Par ailleurs, les prix de marché de l’électricité étant désormais retombés, il n’est absolument pas dit qu’un tarif indexé sur les coûts (74€/MWh selon EDF pour le seul nucléaire, auquel il faudrait ajouter le coût des autres sources pour avoir un coût complet) serait beaucoup plus avantageux qu’un tarif de marché dont les prix à plus long terme se négocient à 65€/MWh pour l’ensemble de la consommation de base et dont il est attendu de nouvelles baisses.

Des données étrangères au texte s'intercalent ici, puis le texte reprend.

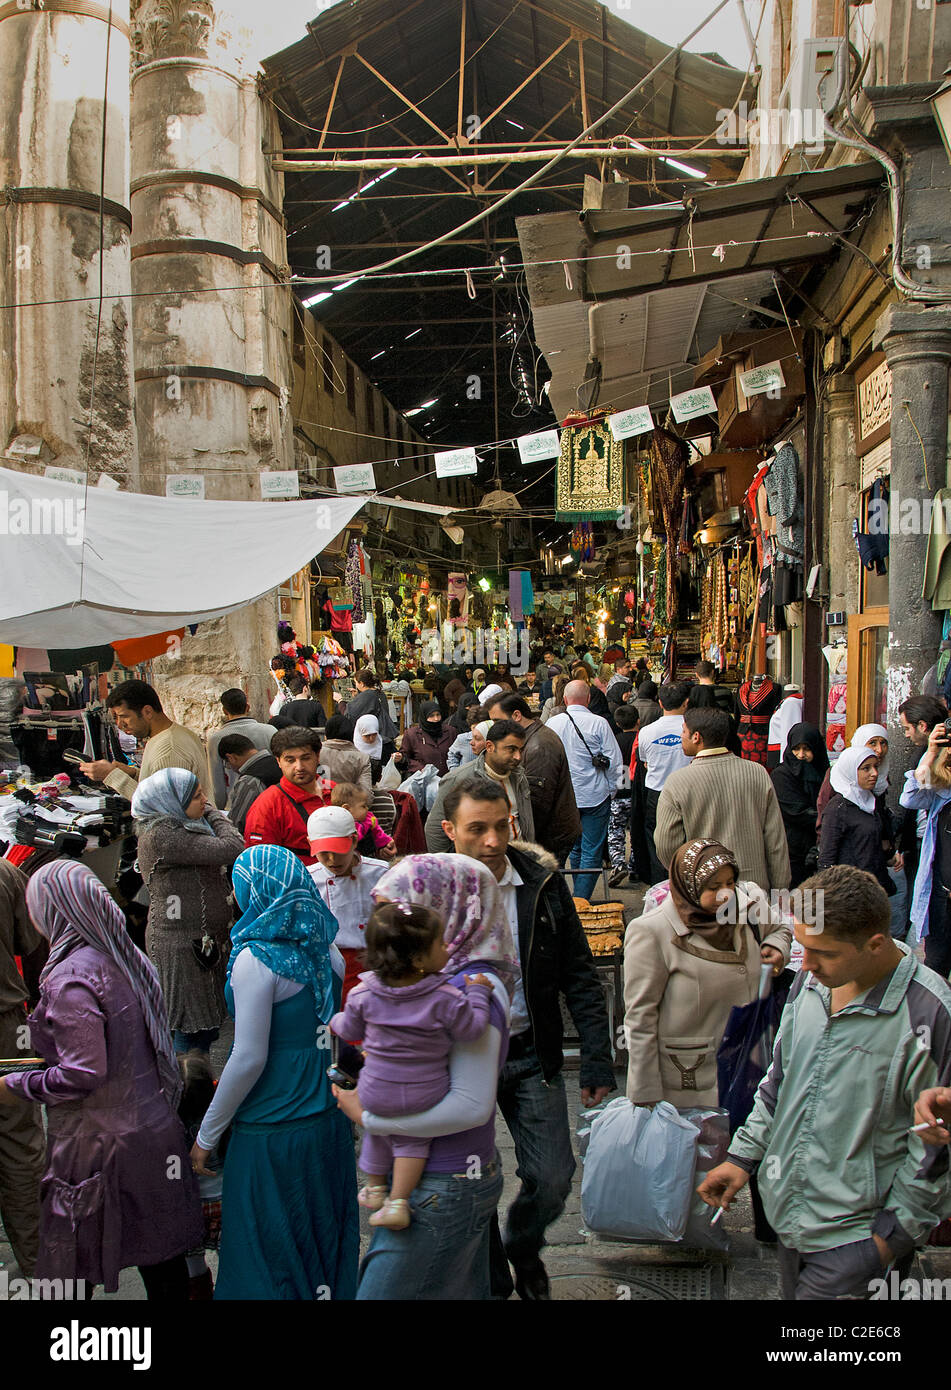 A Damasco in Siria Bazaar Souk Souq market shop Foto Stock

Les énergies qui progressent le plus dans le monde aujourd’hui sont l’éolien et le solaire
Jordan Bardella souhaite enfin « déployer une diplomatie écologique en exportant le savoir-faire industriel français en matière d’énergie décarbonée ». On le comprend : quand on a trouvé la clé du « paradis énergétique », autant essayer de la partager en exportant au passage nos solutions industrielles. Au fil de la lecture, nous pourrions imaginer qu’il s’agit ici de miser sur nos savoir-faire dans le nucléaire et l’hydraulique pour proposer un modèle alternatif de décarbonation à nos voisins et partenaires. En réalité, Jordan Bardella semble l’ignorer, mais c’est déjà le cas : les industriels nationaux concernés n’ont pas attendu les fulgurances du Rassemblement national pour essayer d’exporter leurs solutions, le plus souvent avec le soutien de la diplomatie française. Mais, quelles que soient nos performances à l’exportation dans ces domaines, ce mix de solution est insuffisant pour se décarboner. En outre, les énergies qui progressent le plus dans le monde aujourd’hui sont l’éolien et le solaire. En tirant un trait sur ces « énergies intermittentes », comme le propose Jordan Bardella, la France se marginaliserait, alors même que sur l’éolien en mer où l’Europe peut encore faire figure de leader, la France dispose d’un magnifique potentiel de production.